Increased activity in eurozone Gold derivatives strengthens that view. A 58% increase in notional value over a five-month period is not an ordinary uptick; it’s a repricing of faith in fiat-linked debt instruments. EUR 1 trillion marks a psychologically powerful number, but what’s less discussed—yet more pressing—is how much of that exposure is backed by counterparties who may not hold up if market stress deepens. Performance risk has re-entered the conversation after years of being dismissed as a back-office concern.
Rethinking Market Assumptions and Risks
From our standpoint, the spike in counterparty sensitivity belies a certain resignation that central policy levers are no longer enough to shore up conviction. The fact that Gold is being leaned on heavily again, even when real yields remain positive, flags a deeper distrust in duration-based safety. Traders would do well to not view these signals simply as short-term hedging behaviour; they reflect a build-up of pressure under the layer of daily volatility.
The assumption that traditional fixed income is the automatic choice in times of policy uncertainty no longer holds. As such, reliance on default risk analysis within derivatives becomes more than a checkbox exercise. In practical terms, pricing routes, quality of collateral, and execution continuity need to be revisited. There’s little room for blind optimism around margin efficiency.

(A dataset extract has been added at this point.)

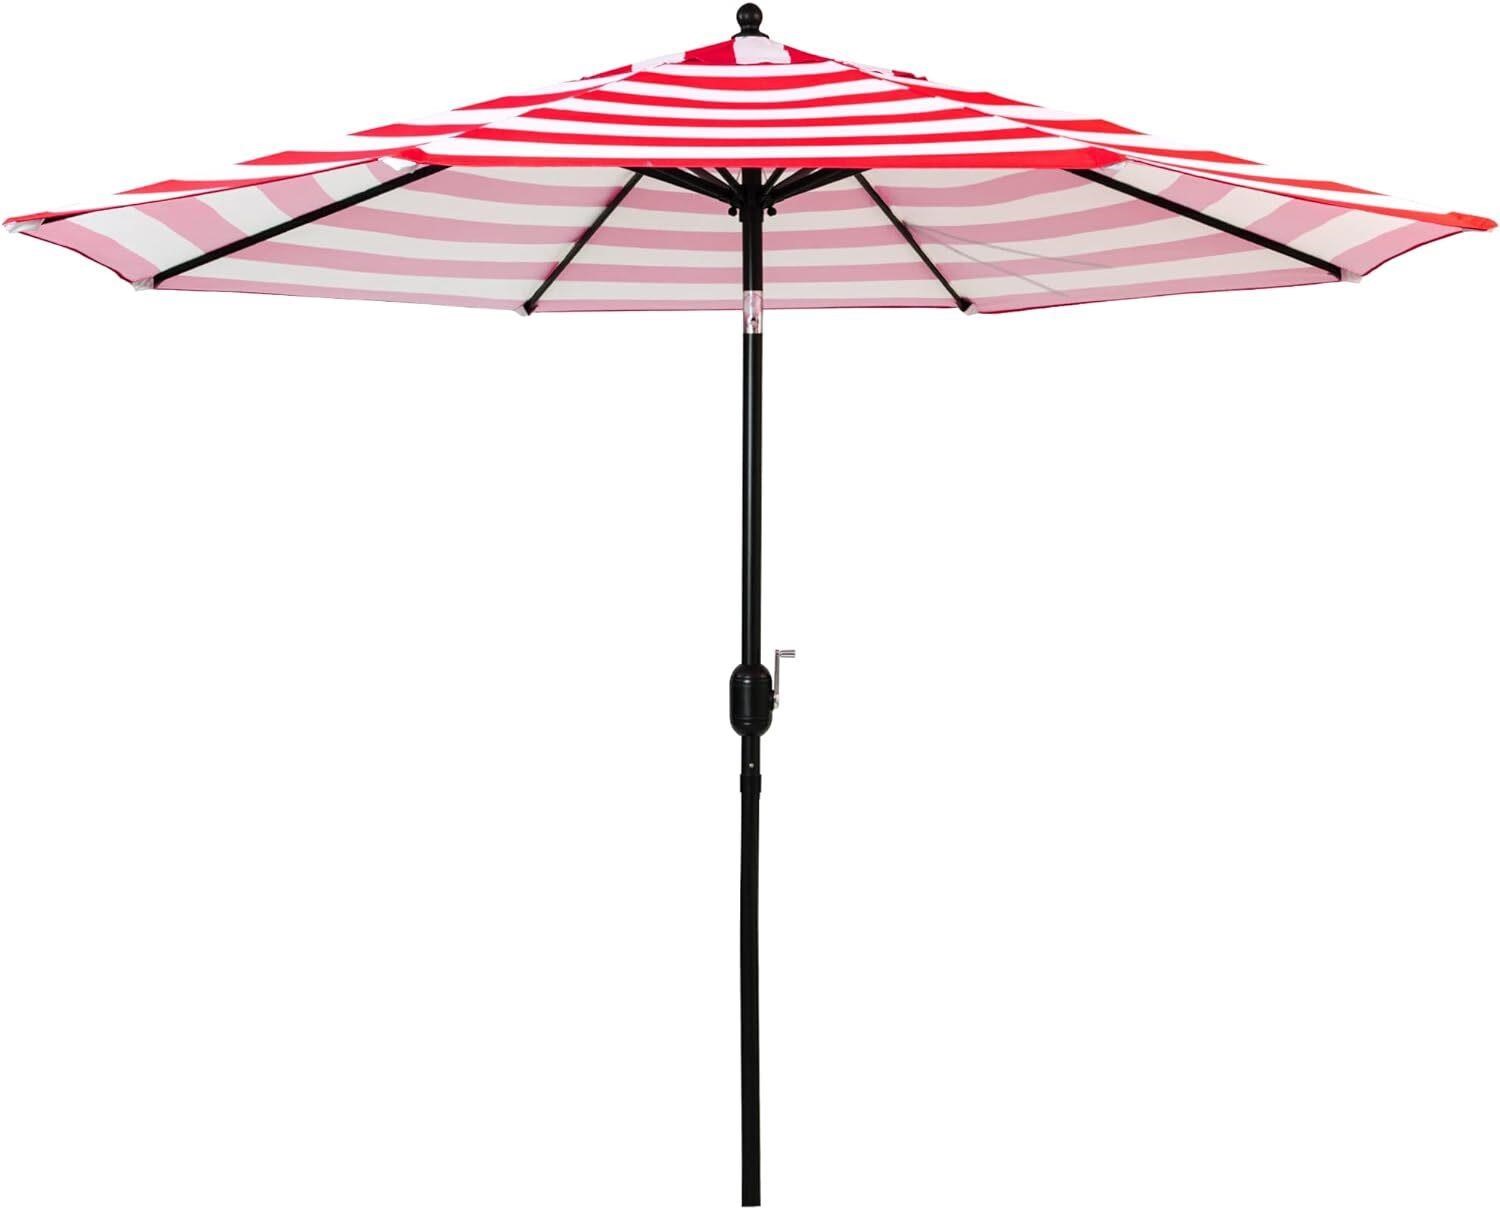 Sunnyglade 9' Patio Umbrella  8 Ribs (Red)

Moreover, it would be wise to rethink assumptions around liquidity. Gold operates within a concentrated trading structure, where slippage and spread behaviour can change rapidly under volume stress. What seems liquid in calm times doesn’t always translate well once broader flows shift. This matters particularly for leveraged strategies and those carrying rolling contracts across expiry cycles.
There’s no need for outright retraction from directional opinions, but there’s also no excuse now for complacency around structural risk. Those adjusting positions across derivative instruments, especially with exposure linked to commodities like Gold, should approach each layer of the trade with fresh scrutiny. Not because the environment is new, but because its tolerances have narrowed.